/biotoolbox

Tools for querying and analysis of genomic data

Primary LanguagePerlArtistic License 2.0Artistic-2.0

NAME

Bio::ToolBox - Tools for querying and analysis of genomic data

DESCRIPTION

These libraries provide a useful interface for working with bioinformatic data. Many bioinformatic data analysis revolves around working with tables of information, including lists of genomic annotation (genes, promoters, etc.) or defined regions of interest (epigenetic enrichment, transcription factor binding sites, etc.). This library works with these tables and provides a set of common tools for working with them.

  • Opening and saving common tab-delimited text formats
  • Support for BED, GFF, VCF, narrowPeak files
  • Scoring intervals and annotation with datasets from microarray or sequencing experiments, including ChIPSeq, RNASeq, and more
  • Support for Bam, BigWig, BigBed, wig, and USeq data formats
  • Works with any genomic annotation in GTF, GFF3, and various UCSC formats, including refFlat, knownGene, genePred and genePredExt formats

The libraries provide a unified and integrated approach to analyses. In many cases, they provide an abstraction layer over a variety of different specialized BioPerl and related modules. Instead of writing numerous scripts specialized for each data format (wig, bigWig, Bam), one script can now work with virtually any data format.

INSTALLATION

Basic installation is simple with the standard Module::Build incantation. This will get you a minimal installation that will work with text files (BED, GFF, GTF, etc), but not binary files.

perl ./Build.PL
./Build
./Build test
./Build install

To work with binary Bam and BigWig files, see the "advanced installation" below for further guidance.
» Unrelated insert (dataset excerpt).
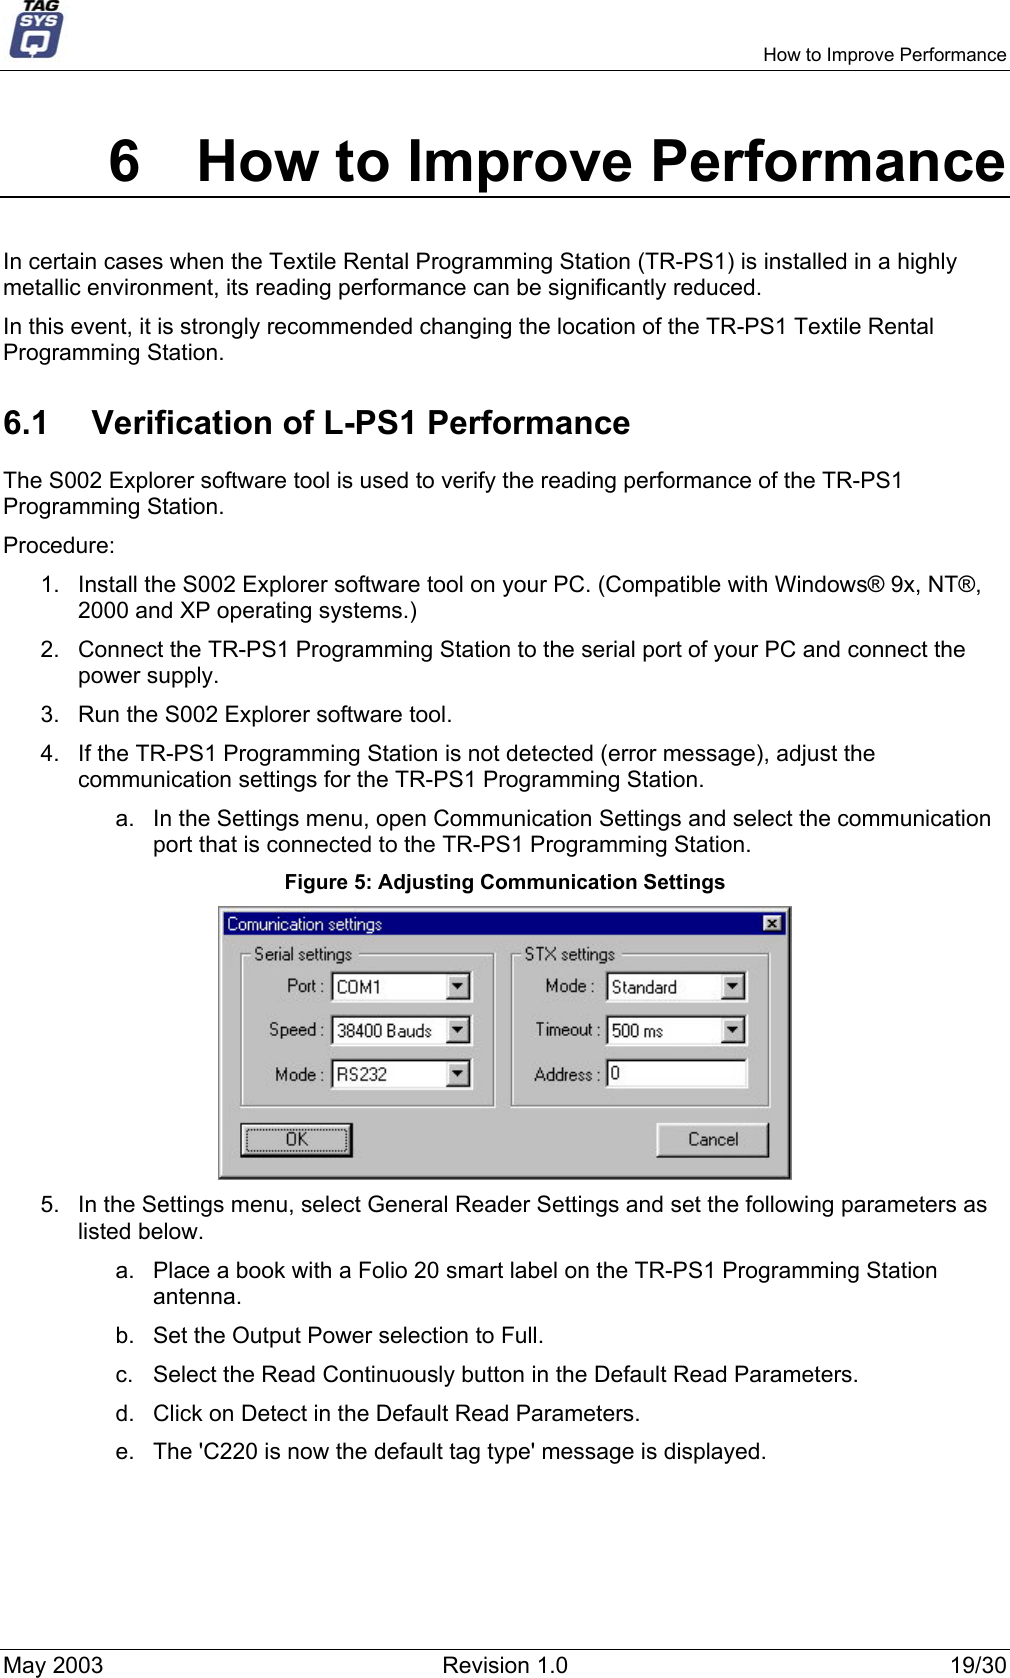     How to Improve Performance 6  How to Improve Performance In certain cases when the Textile Rental Programming Station (TR-PS1) is installed in a highly metallic environment, its reading performance can be significantly reduced.  In this event, it is strongly recommended changing the location of the TR-PS1 Textile Rental Programming Station. 6.1  Verification of L-PS1 Performance The S002 Explorer software tool is used to verify the reading performance of the TR-PS1 Programming Station. Procedure: 1.  Install the S002 Explorer software tool on your PC. (Compatible with Windows® 9x, NT®, 2000 and XP operating systems.) 2.  Connect the TR-PS1 Programming Station to the serial port of your PC and connect the power supply. 3.  Run the S002 Explorer software tool. 4.  If the TR-PS1 Programming Station is not detected (error message), adjust the communication settings for the TR-PS1 Programming Station. a.  In the Settings menu, open Communication Settings and select the communication port that is connected to the TR-PS1 Programming Station. Figure 5: Adjusting Communication Settings  5.  In the Settings menu, select General Reader Settings and set the following parameters as listed below. a.  Place a book with a Folio 20 smart label on the TR-PS1 Programming Station antenna. b.  Set the Output Power selection to Full. c.  Select the Read Continuously button in the Default Read Parameters. d.  Click on Detect in the Default Read Parameters. e.  The &apos;C220 is now the default tag type&apos; message is displayed. May 2003  Revision 1.0  19/30

Most scripts should fail gently with warnings if required modules are missing.

Released versions may be obtained though the CPAN repository using your favorite package manager.

LIBRARIES

Several library modules are included in this distribution. These are a highlight of the primary user-oriented libraries that are available.

  • Bio::ToolBox::Data

    This is the primary library module for working with a table of data, either generated as a new list from a database of annotation, or opened from a tab-delimited text file, for example a BED file of regions. Columns and rows of data may be added, deleted, or manipulated with ease.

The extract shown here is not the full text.